As calls increase for greater transparency and circularity in critical metals, the gap between miners and recyclers is narrowing. Carly Leonida explores opportunities for mutual learning and growth

Some people will argue that recycling is the answer to a future short fall in critical metals supplies.

Recycling isn’t the answer, but it is an important part of the answer. It helps to relieve pressure on primary supply pathways which will be stretched almost to breaking point by the demands of the green energy transition.

Given the common goals of climate change and waste mitigation, it’s in everyone’s best interest to ensure that metals are used sparingly and in a way that maintains their quality so they can be reprocessed and recycled, lessening the need to extract virgin resources.

So, let’s discuss…

The level of recycling undertaken today varies greatly by commodity, the type of material or product it’s fashioned into, and how well optimised the local collection and recycling system is for that particular product.

For example, aluminium beverage cans have a short lifecycle and low value. In Europe, around 76% of cans are recycled (a combination of collection rate and recovery rate). In contrast, cars and buildings have a much longer life and greater value, and recycling of aluminium from the automotive and building sectors stands at around 90%.
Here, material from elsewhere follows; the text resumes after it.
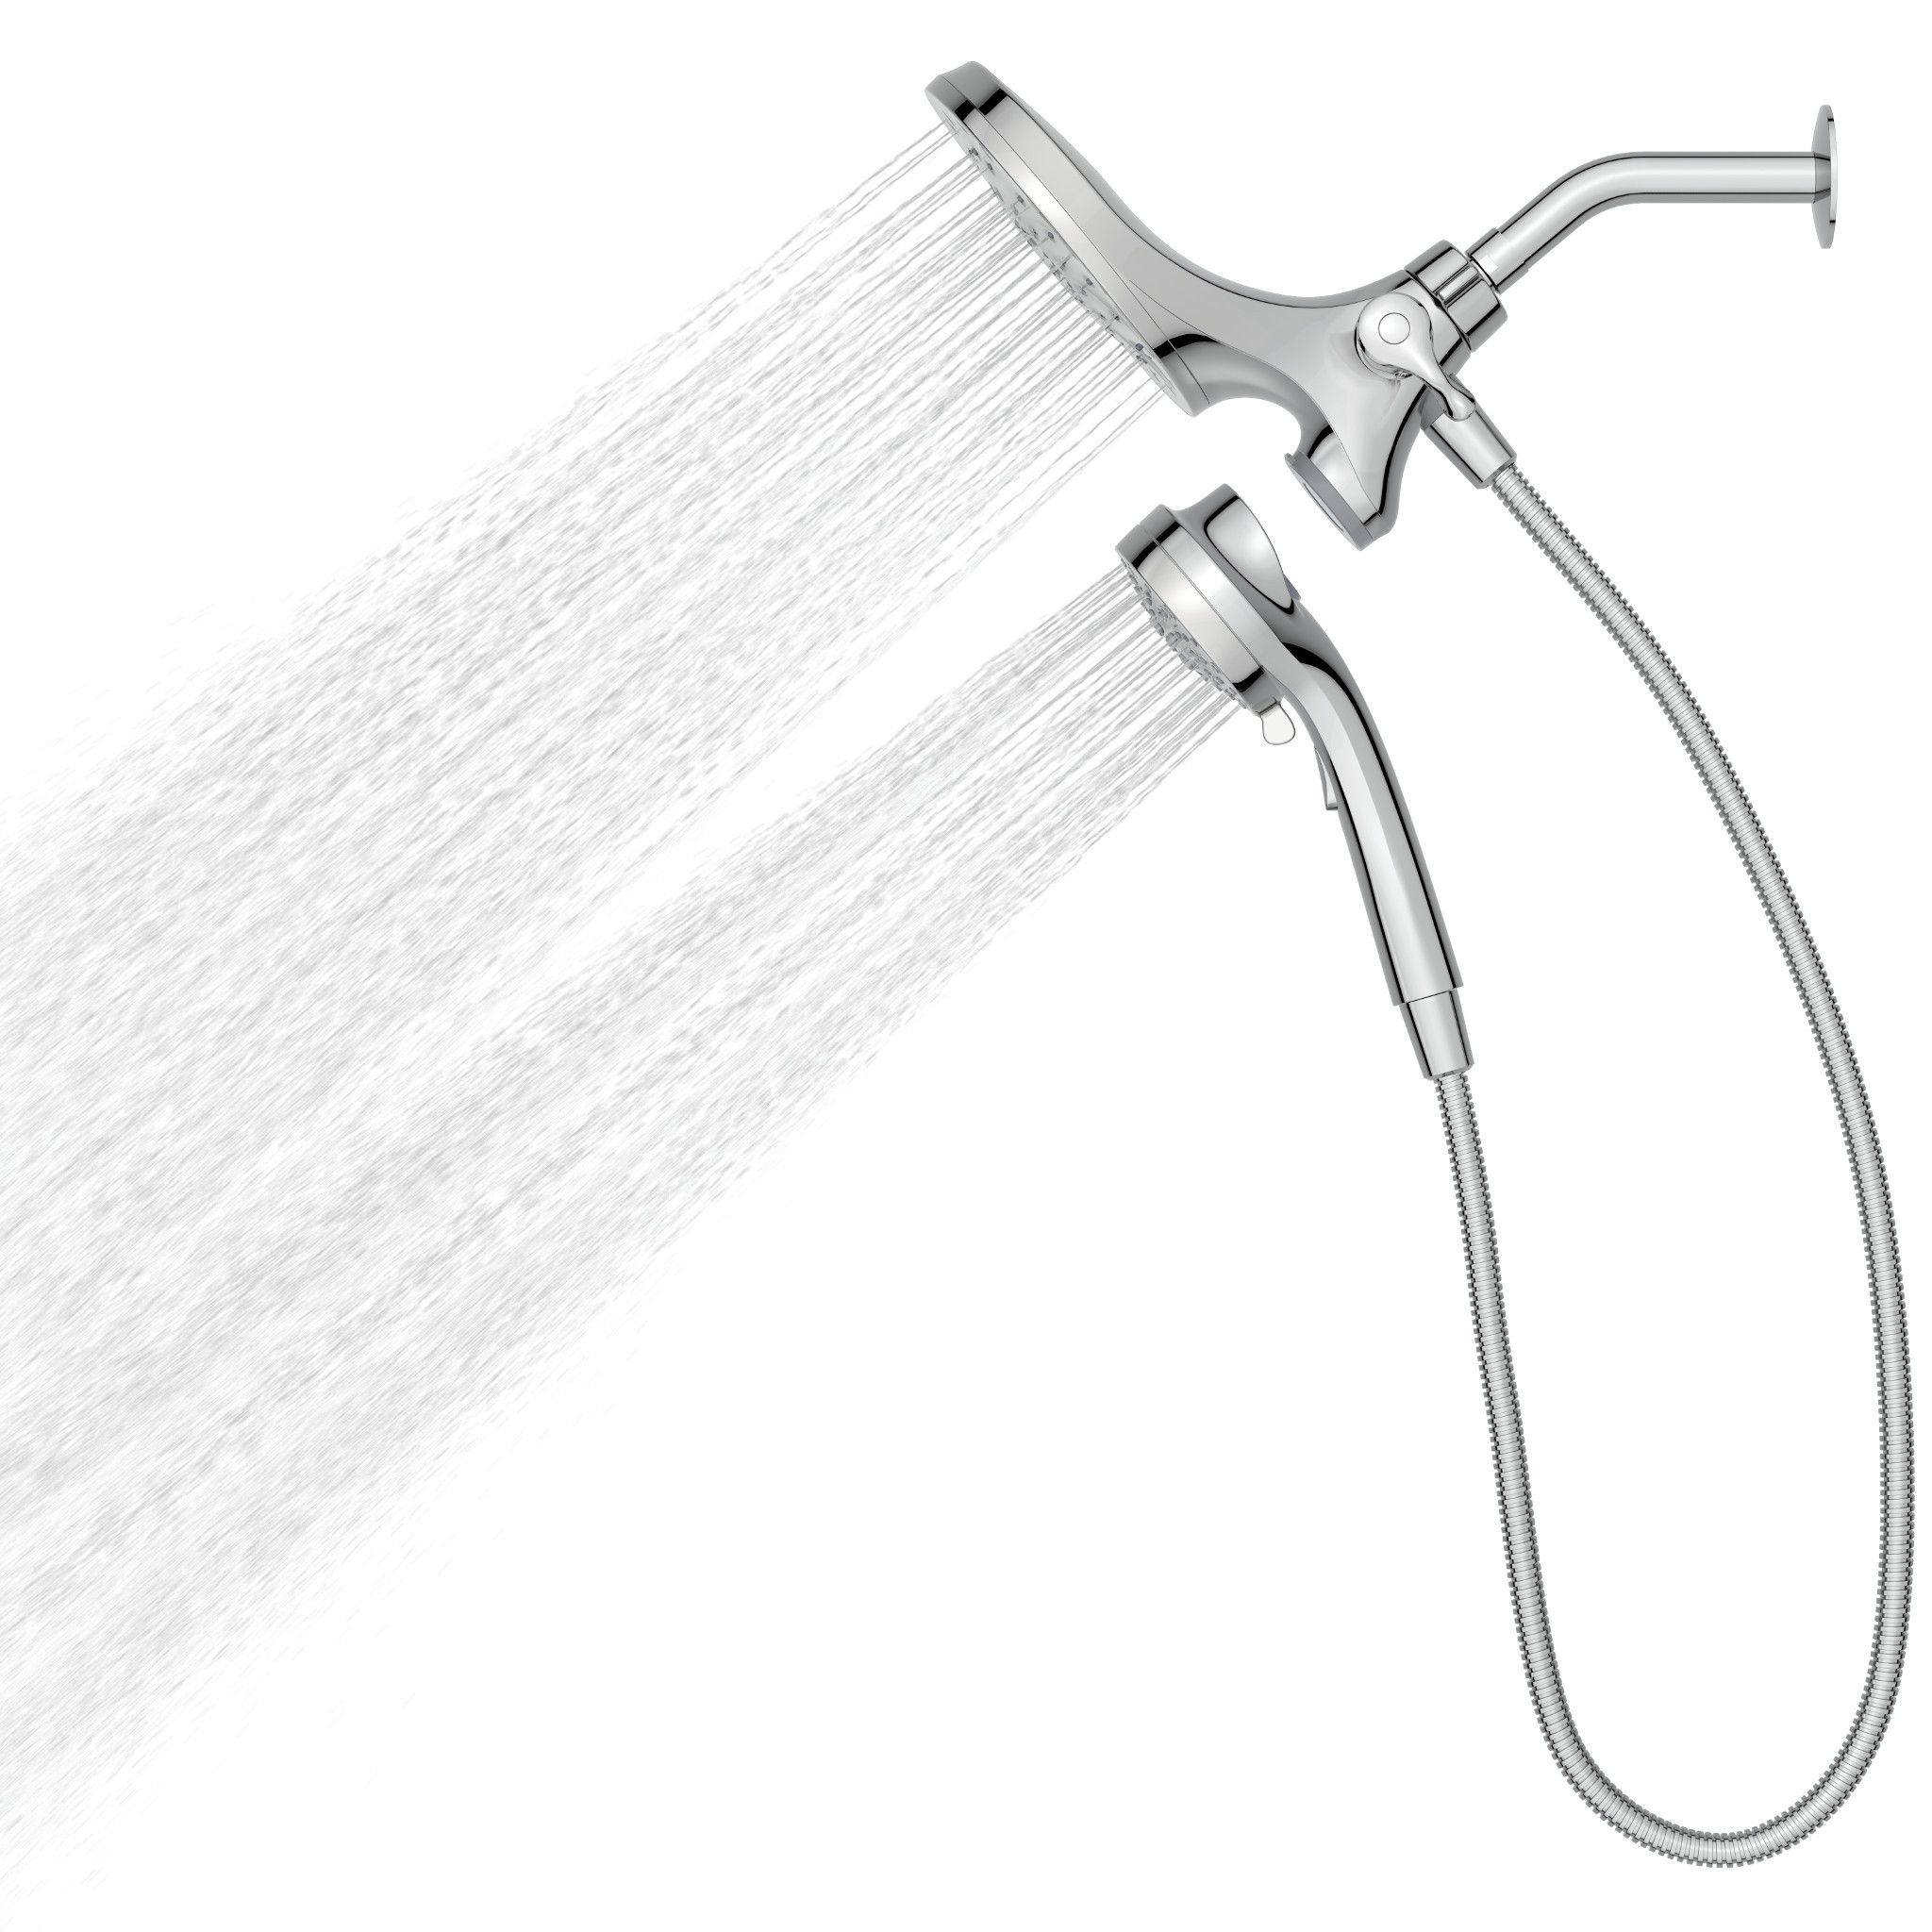 Moen Engage Magnetic 6.5" 6-Function Bathroom Handheld Showerhead with Magnetic Docking, Chrome - image 3 of 29

Optimising the system for both short and long-life products is important because aluminium recycling requires only 5% of the energy needed to produce the primary metal.

The International Aluminium Institute (IAI) projects that global demand for aluminium will grow by more than 80% by 2050 for use in technologies such as solar cells, wind turbines and lightweight vehicles.

Globally, around 70% of end-of-life aluminium is collected and recycled. The World Economic Forum states that if recycling rates remain the same to 2050, the increase in primary production necessary to meet demand will mean a rise in sectoral carbon emissions of around 45%.

Around 7 million tonnes of aluminium are not recycled each year. With no change in recycling rates, this is projected to reach 17 million tonnes per year by 2050. Recovery of 95% of this material would reduce demand for primary aluminium by 15%, avoiding 250 million tonnes of CO2 emissions each year.

Recycling practices for bulk metals are relatively well established but, for metals such as lithium and cobalt or rare earth elements (REEs), they’re less advanced. However, with proper recycling pathways in place, emerging waste streams from clean energy technologies like batteries and wind turbines could prove very valuable.

End-of-life recycling rates for selected metals. Source: IEA

In its report, The Role of Critical Minerals in Clean Energy Transitions, the IEA states that the amount of spent electric vehicle batteries reaching the end of their first life will surge after 2030.

While recycling won’t eliminate the need for continued investment in new supplies, by 2040 recycled quantities of copper, lithium, nickel and cobalt from spent batteries could reduce combined primary supply requirements by around 10%.

There is also supply security to consider; lessening dependence on primary extraction or finding alternative sources, for example, for REEs where China dominates 90% of refining, is a key concern for many governments (see graph below).

Recycling versus demand

I wanted to better understand the intersection between the mining, metals and recycling industries and how together they could accelerate circularity in critical metals.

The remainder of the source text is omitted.